Fire Walk, you were offering up opening comments to start a discussion, and somebody felt like they had to mess with you. THAT is exactly the kind of petty bullshit that keeps me a solo.

My first introduction to the social aspects of the arcane world came when I ran across a man who was part of an existing circle that had some ideas that made my skin crawl. He was the one who taught me to read tarot cards. My memories of that man and my time with him are literally dark ones. He lived in a basement, he had very low level lighting and he wore black ALL the time.

Imagine, if you will, being a kid confronted with older people working blood magic. There was no graceful way out of it, and I lacked the ability and training to do much in the way of self defense or even self protection. I did learn tarot under an experienced reader, but it was at a horrible price.

I'd venture into the local occult bookstore (remember--25 years ago this was a different world) and I'd see posters on their bulletin board about discussion groups for subjects like "paganism," "goddess worship," or "psychic experiences." Finally, I screwed up my courage and took a male friend of mine with me to a discussion group about goddess based religions.

In a couple of months it had turned into a circle, and there were a couple of women in that circle
who were clearly dealing with some serious life traumas at that time. The dependency was overwhelming and for several months my friend and I both lived in dread of the phone ringing because one woman had a crisis EVERY freaking day.

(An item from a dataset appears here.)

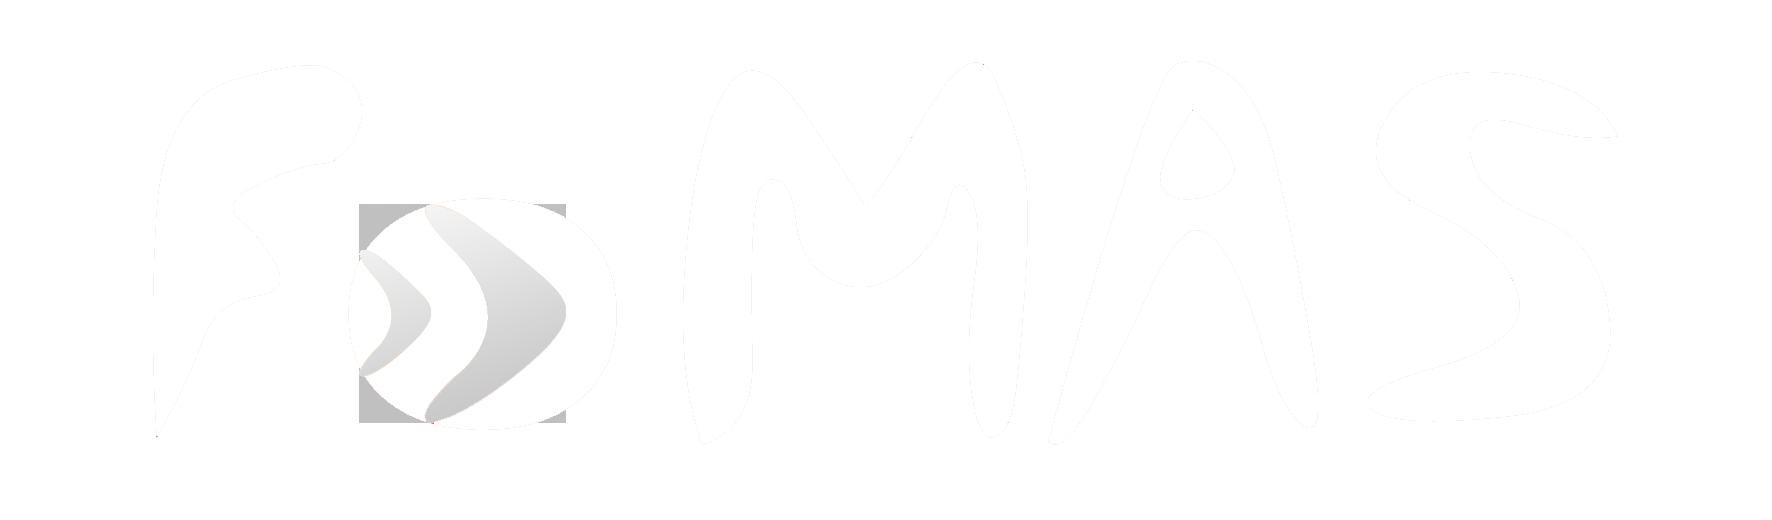 Fomas logo
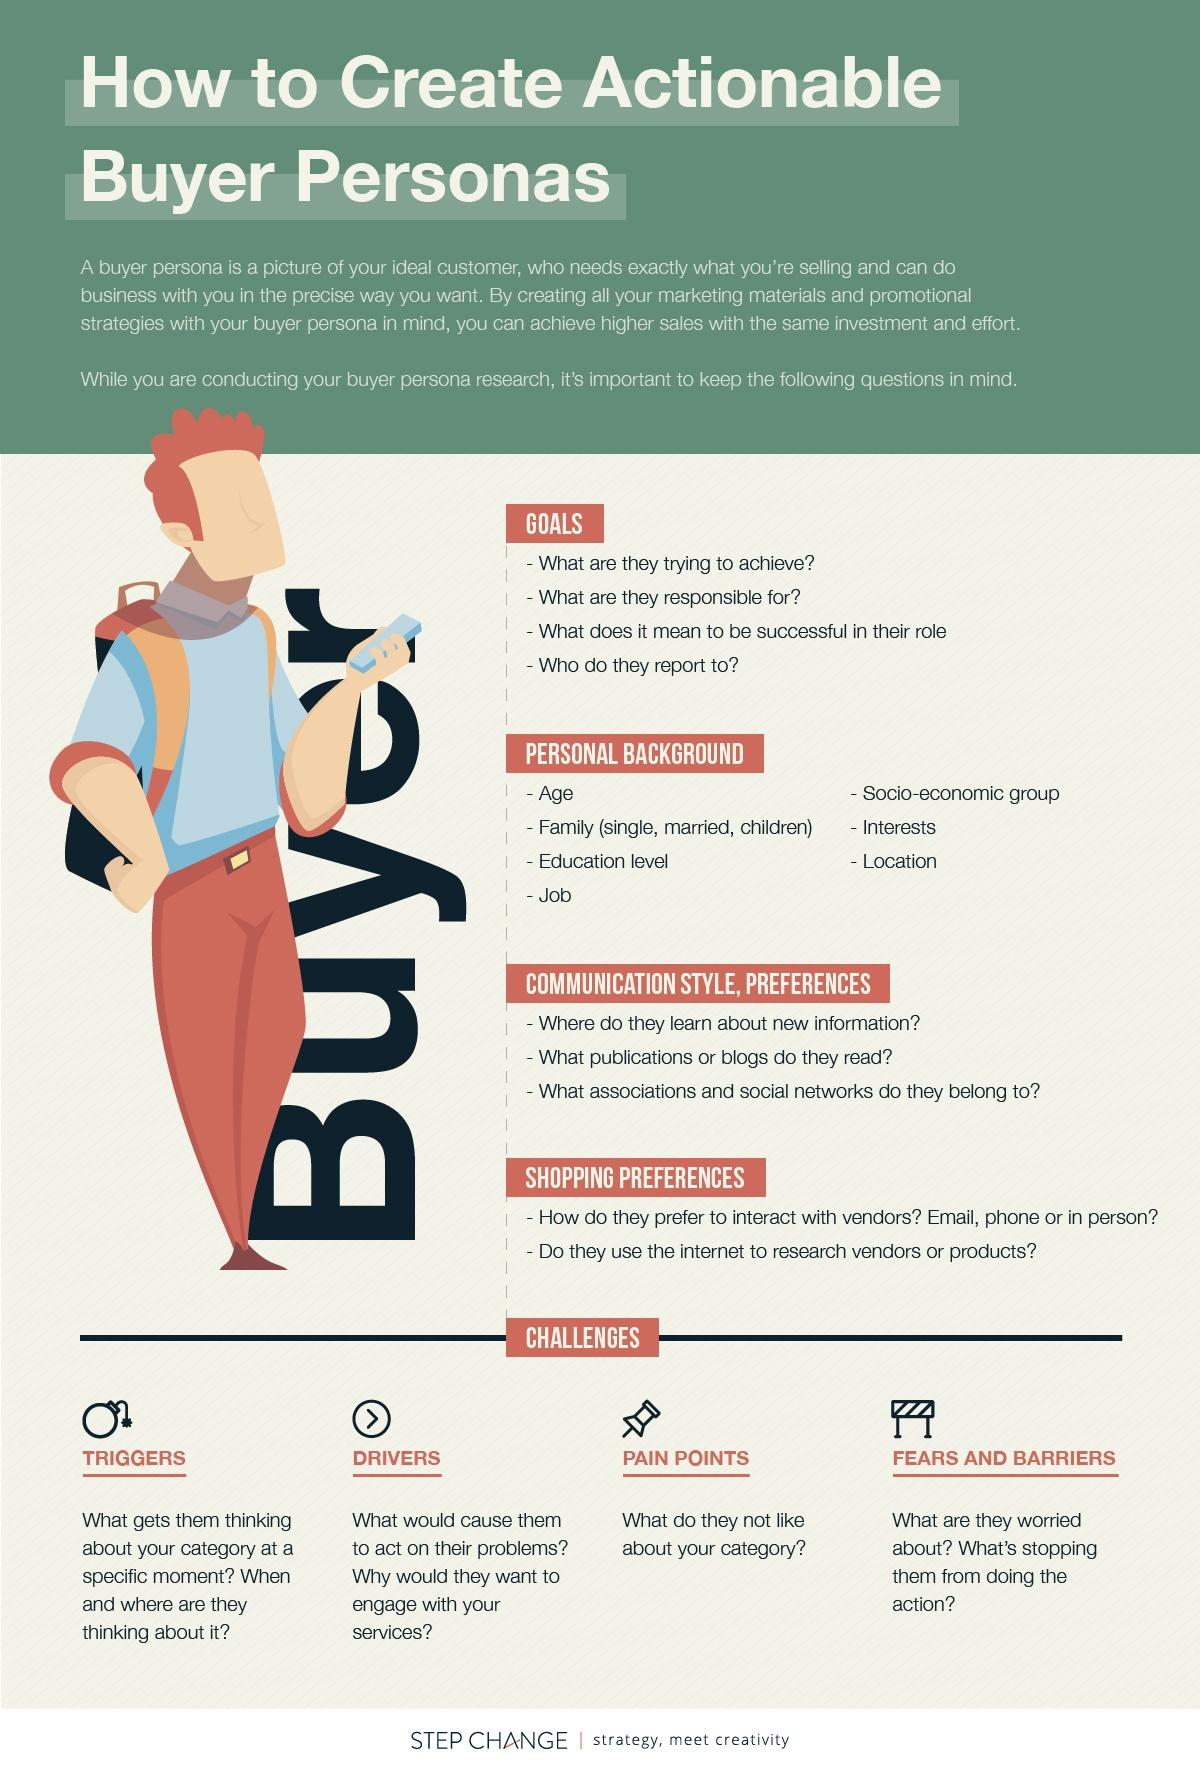 actionable-buyer-persona

She felt that because we were in her circle we were supposed to be her 24/7 psychiatric hotline. Finally that all reached a breakpoint and the circle blew apart.

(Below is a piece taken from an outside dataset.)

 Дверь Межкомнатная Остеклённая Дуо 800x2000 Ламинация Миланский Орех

It got to a point (IMO, anyway) that I felt like most of the people I met in the "woo-woo" community were just kinda skating on the verge of being nuts. They were working out any number of personal issues that made it really difficult for me to deal with them, so I spent a few years not talking to anybody but doing a large amount of reading.

The internet was a huge awakening for me. I finally had the ability to interact with other people without risking too much on a personal level. I find that it is easier to walk away from the people who want to control me and the ones who want to intimidate me. If somebody hits the level of annoyance I can tune them out a lot easier online. I have always felt that the study of the arcane seems to attract a diverse group of people and the anonymous nature of the Internet makes it much easier to avoid the more unpleasant aspects of that. DU has, thus far, provided me with enough safety that I have been able to hang here and learn.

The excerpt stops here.